REHMMax Boot, is negotiating with the Taliban necessary?
BOOTAt this point, it's hard for me to imagine we could have fruitful negotiations with the Taliban because they are convinced that they can wait us out. And also, even if there are factions within the Taliban that are willing to negotiate, their leadership is effectively under the thumb of the Pakistani army and ISI, their intelligence service, which does not want to see negotiations because they're afraid of any part of the Taliban splintering outside of their control and making a deal with the West.
BOOTSo I don't think we're going to have fruitful negotiations with the Taliban in the short run. And trying to push for a deal -- what you've seen Karzai do in the past and what you've seen the administration try to do in the past -- actually risks a very violent, dangerous outcome, which is that if the government in Kabul were to make major concessions for the Taliban, you could well see the old Northern Alliance or the Tajiks, Hazaras and other groups reforming and saying, we're not going to put up with the Taliban coming back.

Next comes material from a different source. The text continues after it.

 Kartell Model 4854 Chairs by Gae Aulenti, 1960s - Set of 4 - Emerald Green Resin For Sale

BOOTSo that's actually a very dangerous road to go down. Instead, I think the more fruitful avenue right now is to push not for what's known as reconciliation, which is the high-level peace talks with the Taliban, but to push for reintegration, which is to push lower level Taliban fighters to put down their arms and come over to the other side or just simply to stop fighting. And there have been some success with those efforts with four or 5,000 Taliban fighters now reintegrating over the course of the last year.

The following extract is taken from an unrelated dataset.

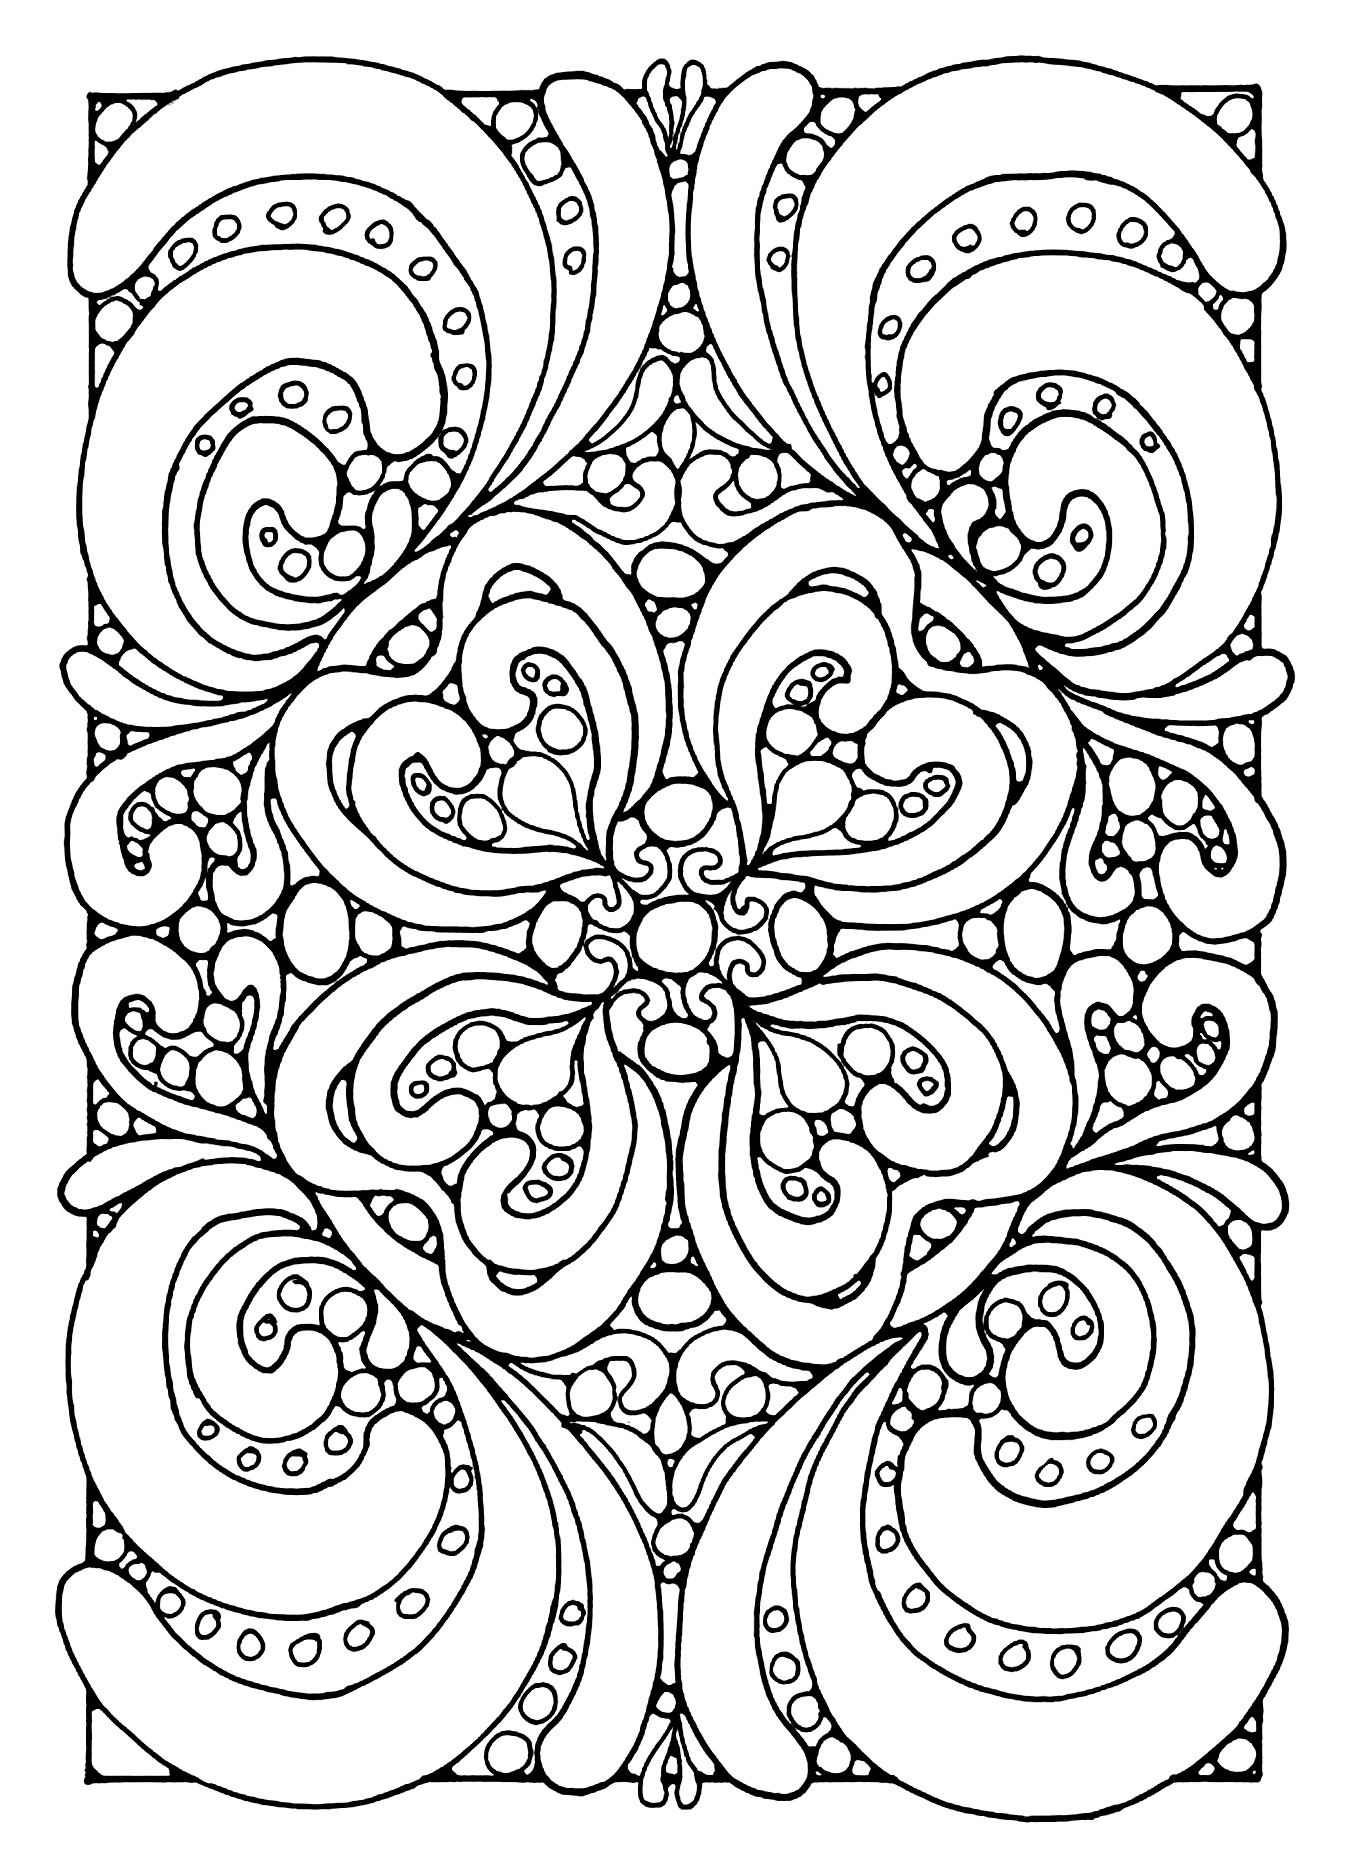 Zen Coloring For Adults Coloring Pages

BOOTAnd I think if we keep the pressure on them with Afghan and coalition forces, you will see more of that happening. But if we try to put the emphasis solely on reaching some kind of peace deal with the Taliban, I think it's not going to have a high degree of success, and there are major dangers involved in that.

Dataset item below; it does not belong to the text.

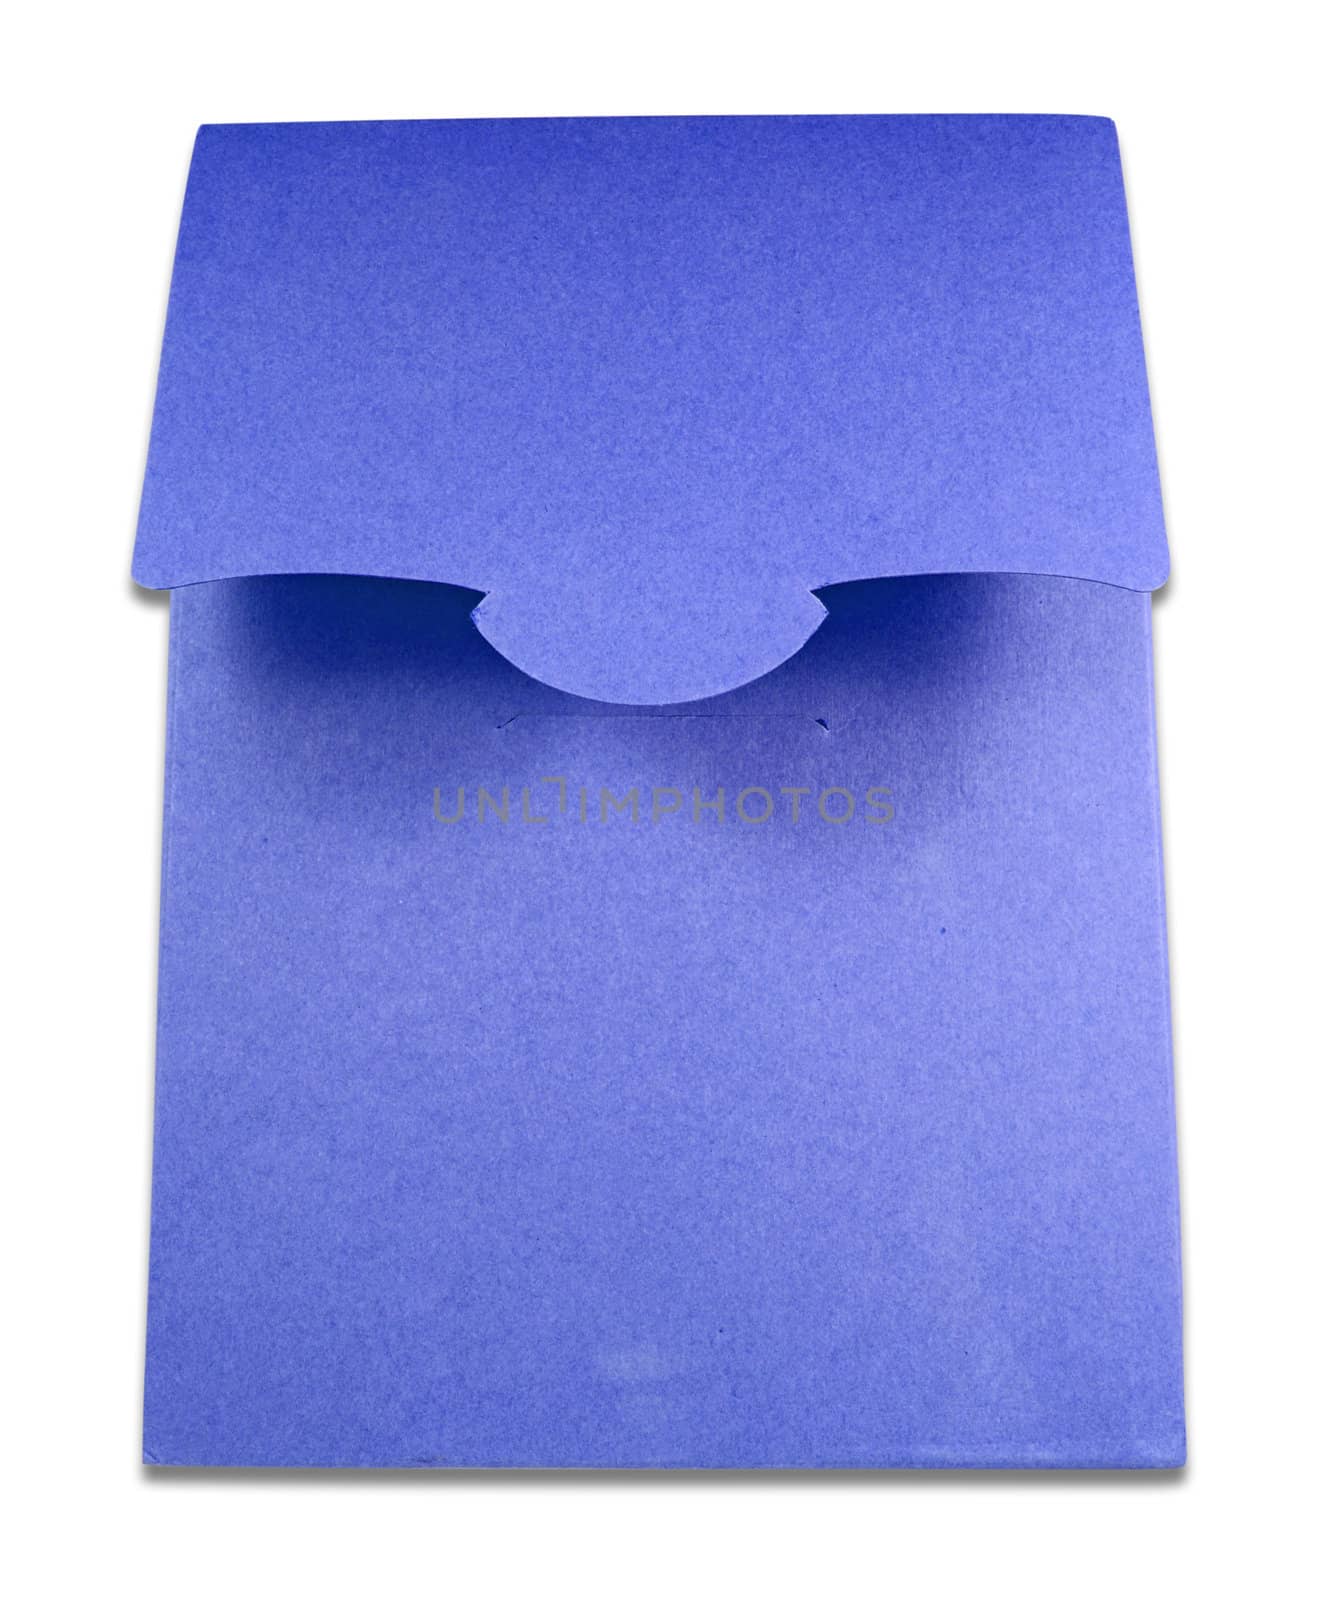 Blank package of blue box isolated on white background by nuchylee

KORBWell, I think when you talk about, you know, the support for American troops there negotiating, remember we got a lot of these blue-on-green attacks, where, basically, Afghan security forces are killing Americans. And yesterday, there was a report that came out that mentioned we haven't even been honest about them because if they shoot, miss or just wound, we're not counting those type of thing. So there's been an awful lot of that.
KORBAnd when you talk about, well, we can reintegrate or we can take these people in, they are, in my view, are using that as a tactic against us. And so I think when you're -- you're not going to get an optimal solution. You know, people forget that it was Karzai who picked 2014, not us. He was the one that says, I want you to end your combat mission. And at some point, the future of Afghanistan is going to be in the hands of the Afghan people, and they're going to have to, you know, make a decision, regardless of how long we stay.
REHMAnd what about the Taliban? Will it hold a position of power, Omar?
SAMADWell, the idea is to have a door open for any Talib or any armed opposition member or group to come into the fold, under the tent, and join the rest of the Afghan family. That hasn't really worked very well, and reintegration is one factor which seems to have had some results. Political reconciliation is a very long road, very hard one, and the Taliban do not seem to be ready. The -- when I talk about Taliban, I'm talking about the hardcore decision-makers within Taliban because we are hearing now that any Talib that shows any inclination towards making peace is eliminated. And that is very bad news.
REHMOmar Samad. He was the Afghan ambassador to France from 2009 to 2011. And you're listening to "The Diane Rehm Show." It's time to open the phones, 800-433-8850, first to Cincinnati, Ohio. Good morning, Kevin. Thanks for joining us.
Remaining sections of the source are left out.